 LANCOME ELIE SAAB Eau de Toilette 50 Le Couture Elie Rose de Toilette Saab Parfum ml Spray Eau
==
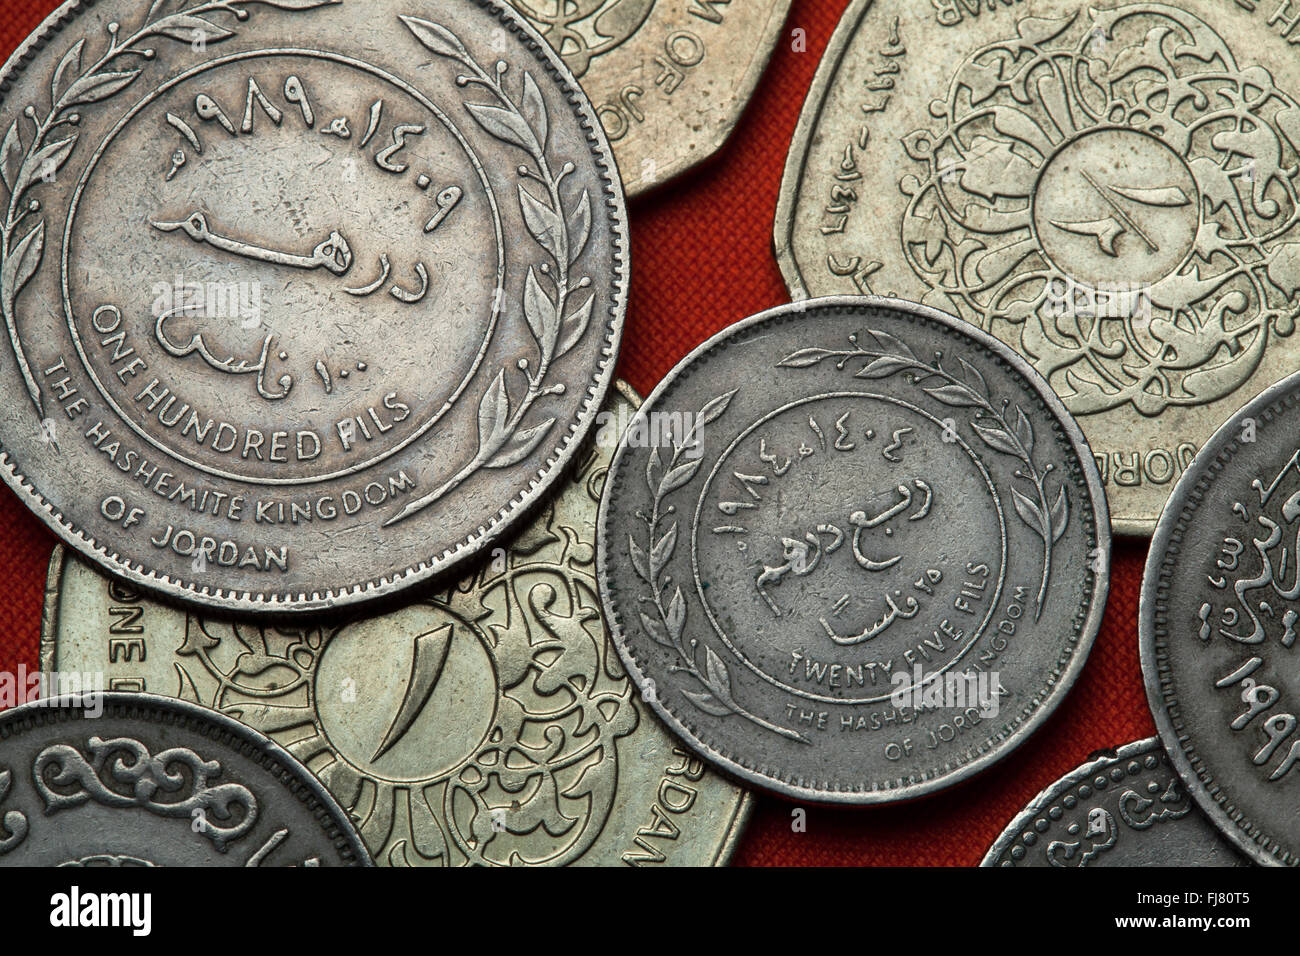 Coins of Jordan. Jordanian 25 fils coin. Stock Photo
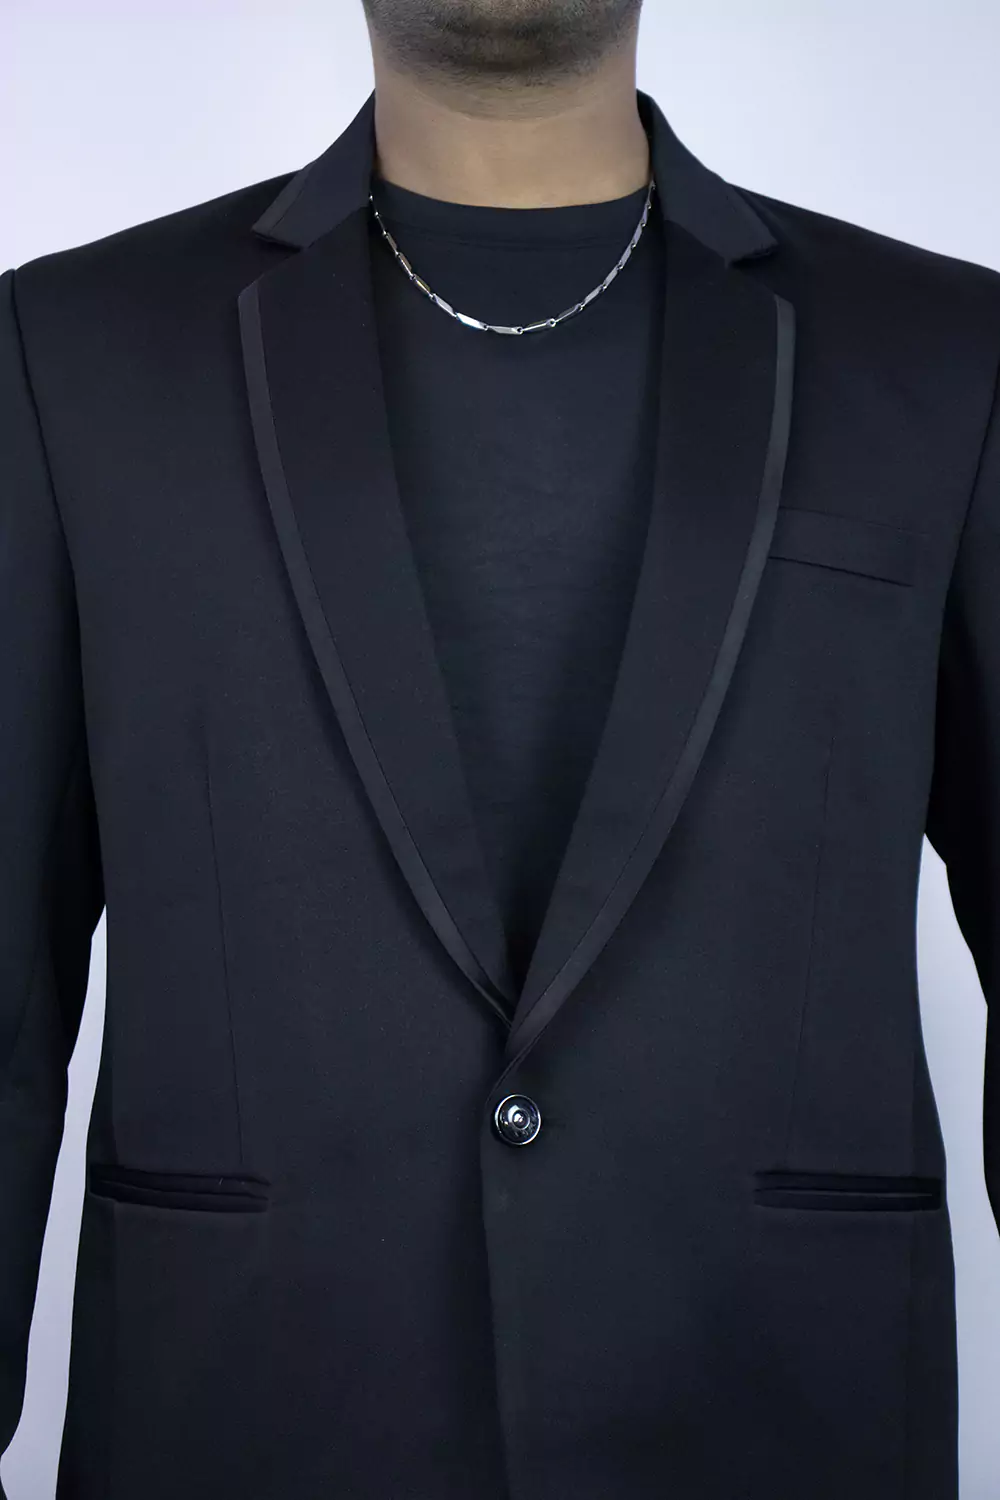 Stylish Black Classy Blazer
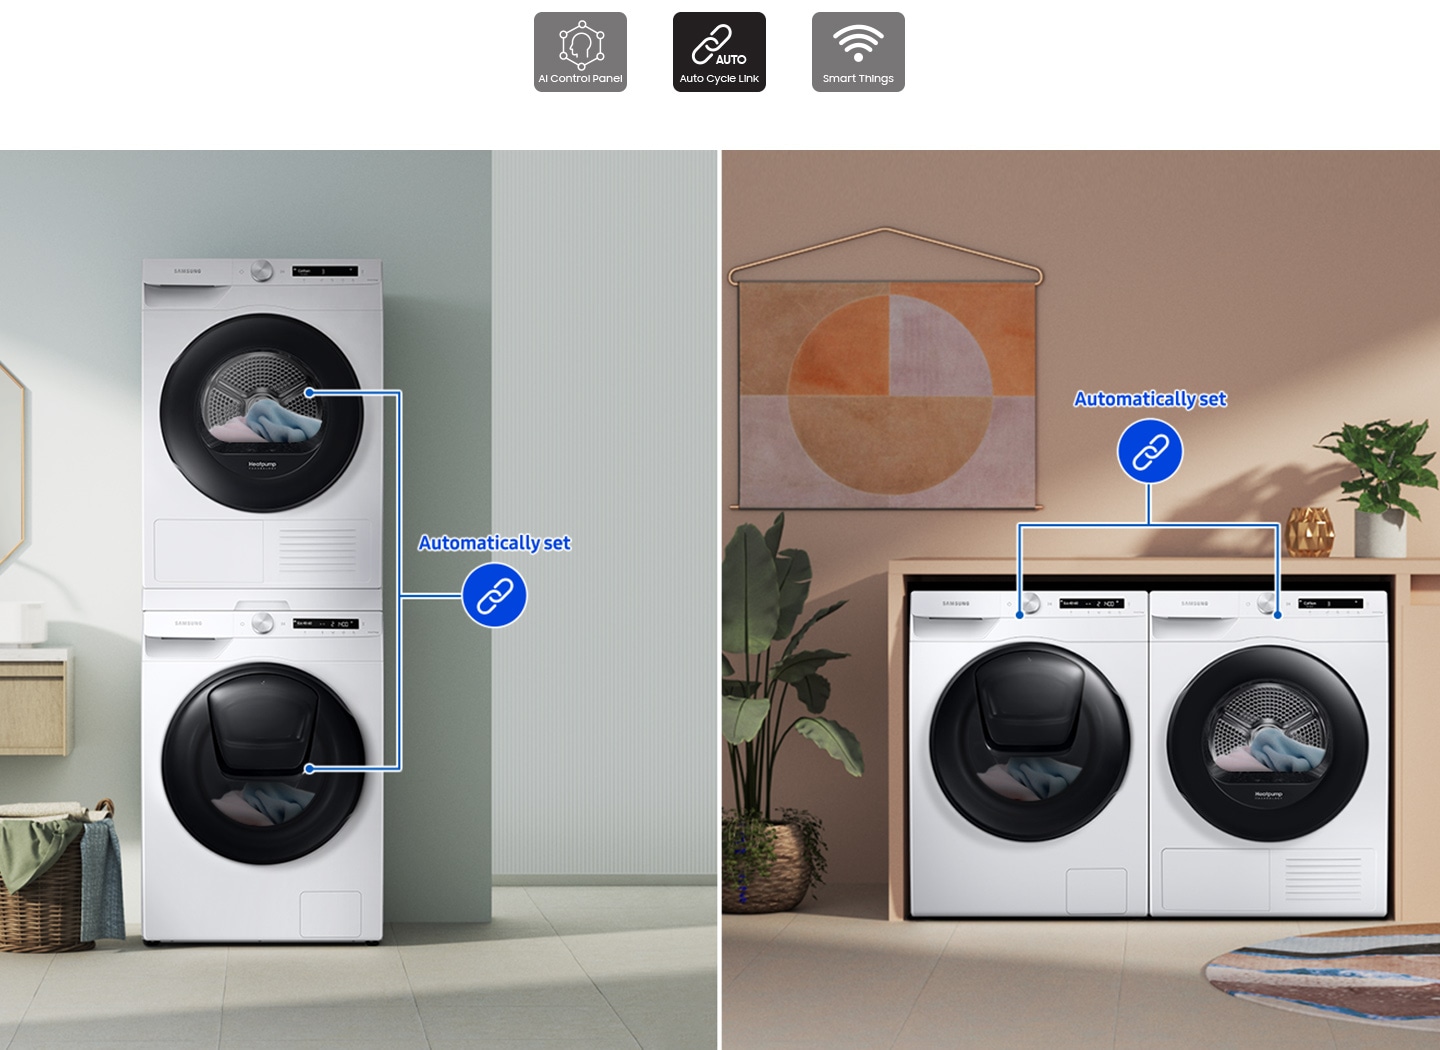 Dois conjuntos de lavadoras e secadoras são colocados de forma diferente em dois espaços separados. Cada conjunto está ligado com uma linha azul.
==
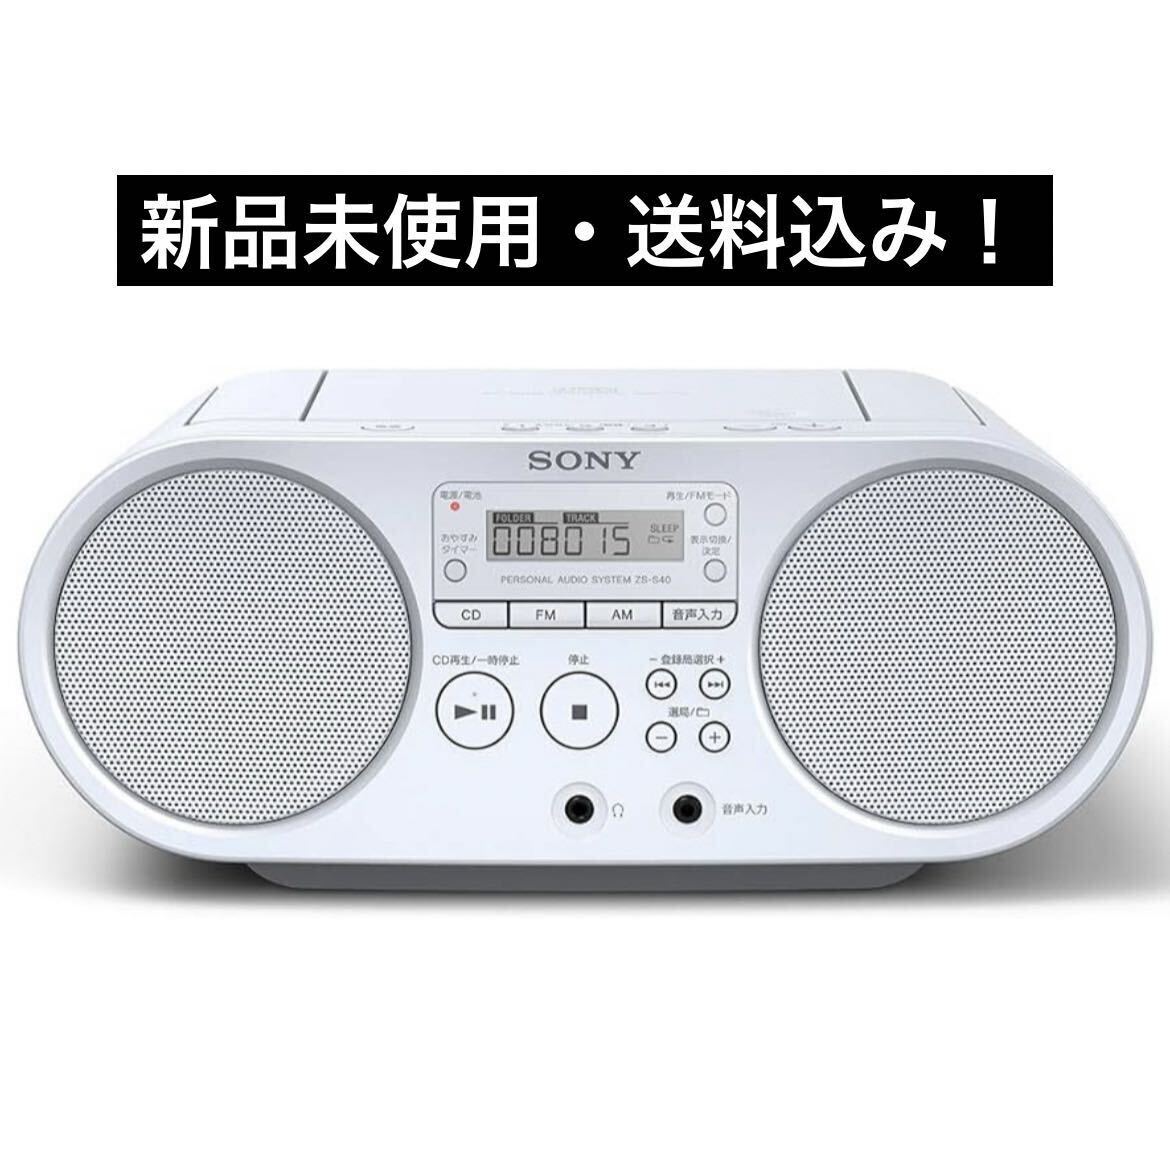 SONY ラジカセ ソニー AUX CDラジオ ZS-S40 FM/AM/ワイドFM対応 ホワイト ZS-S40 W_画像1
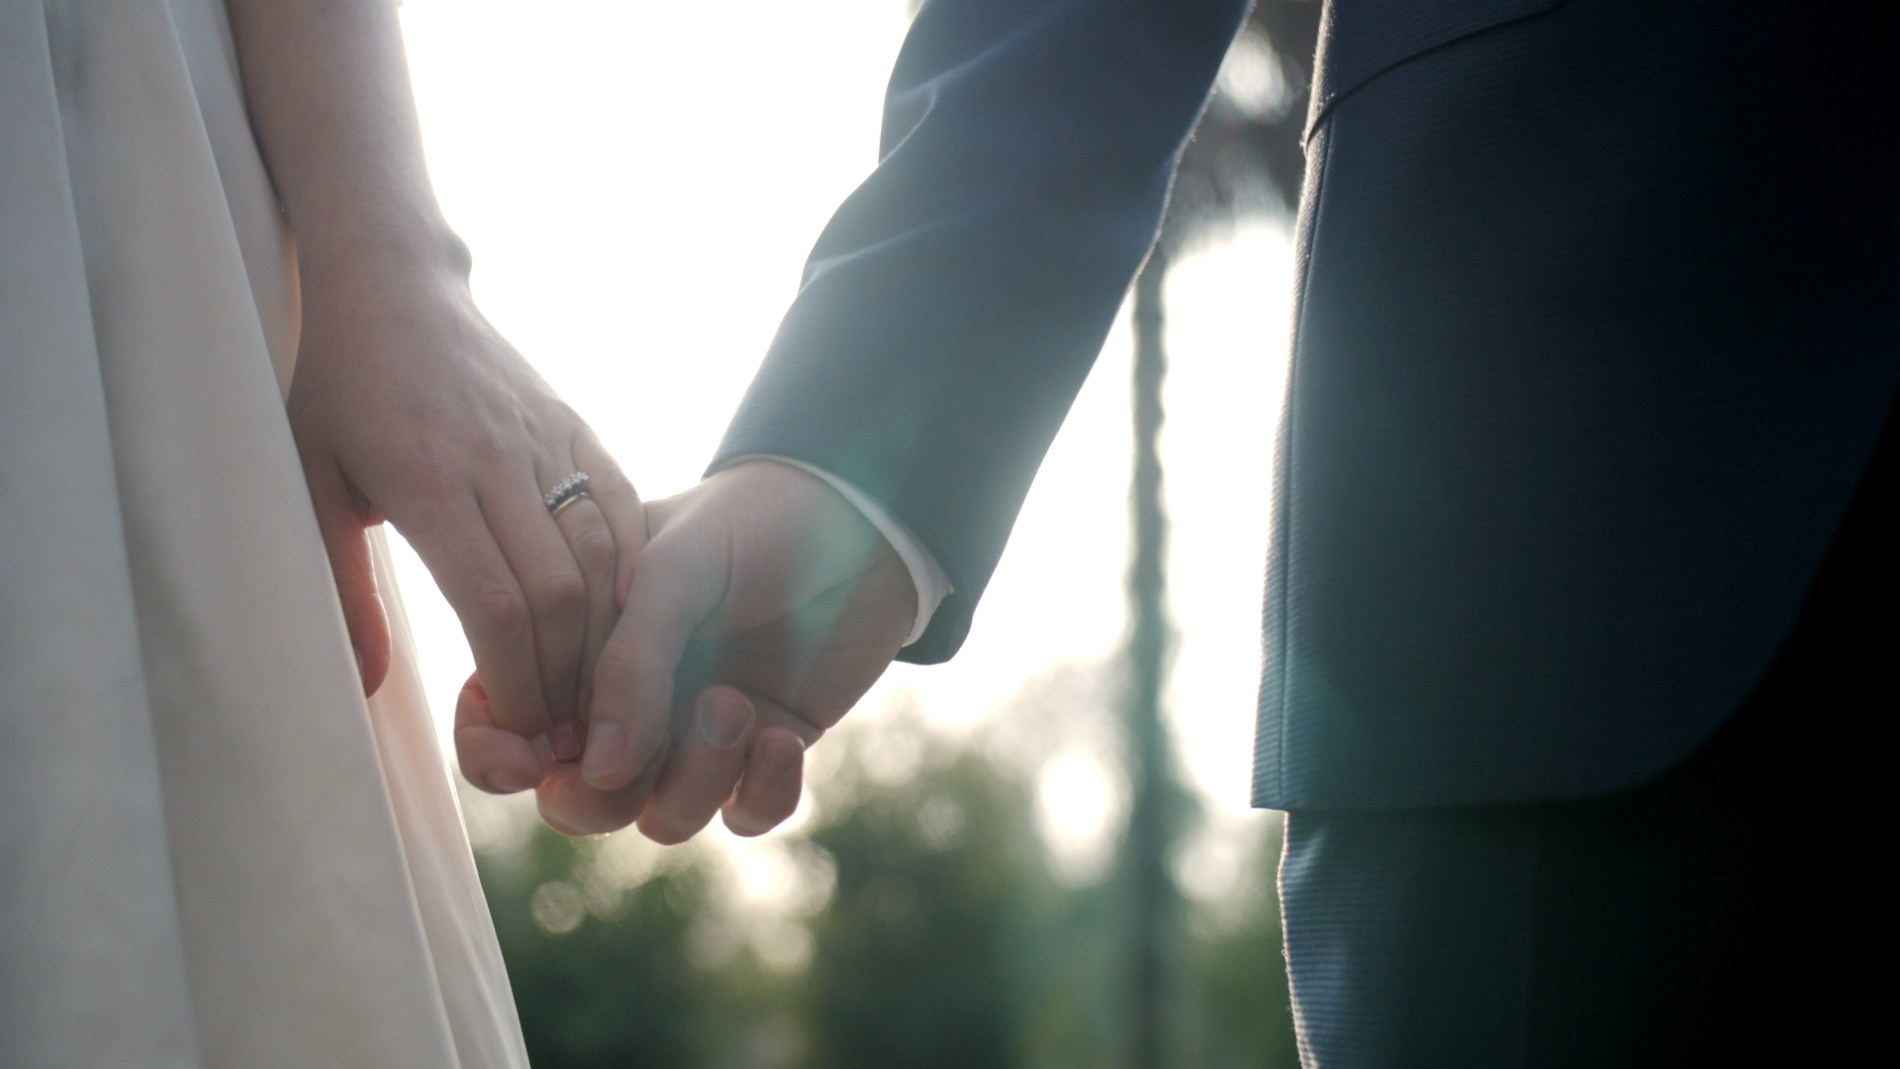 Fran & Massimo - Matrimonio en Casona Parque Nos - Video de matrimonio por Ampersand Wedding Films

> **Prompt**: Copy the listing above exactly, but only from the line with "Stylish Black Classy Blazer" through the line with "Dois conjuntos de", including those two lines and excluding any picture.

> **Answer to this exercise**:
 Stylish Black Classy Blazer
 Dois conjuntos de lavadoras e secadoras são colocados de forma diferente em dois espaços separados. Cada conjunto está ligado com uma linha azul.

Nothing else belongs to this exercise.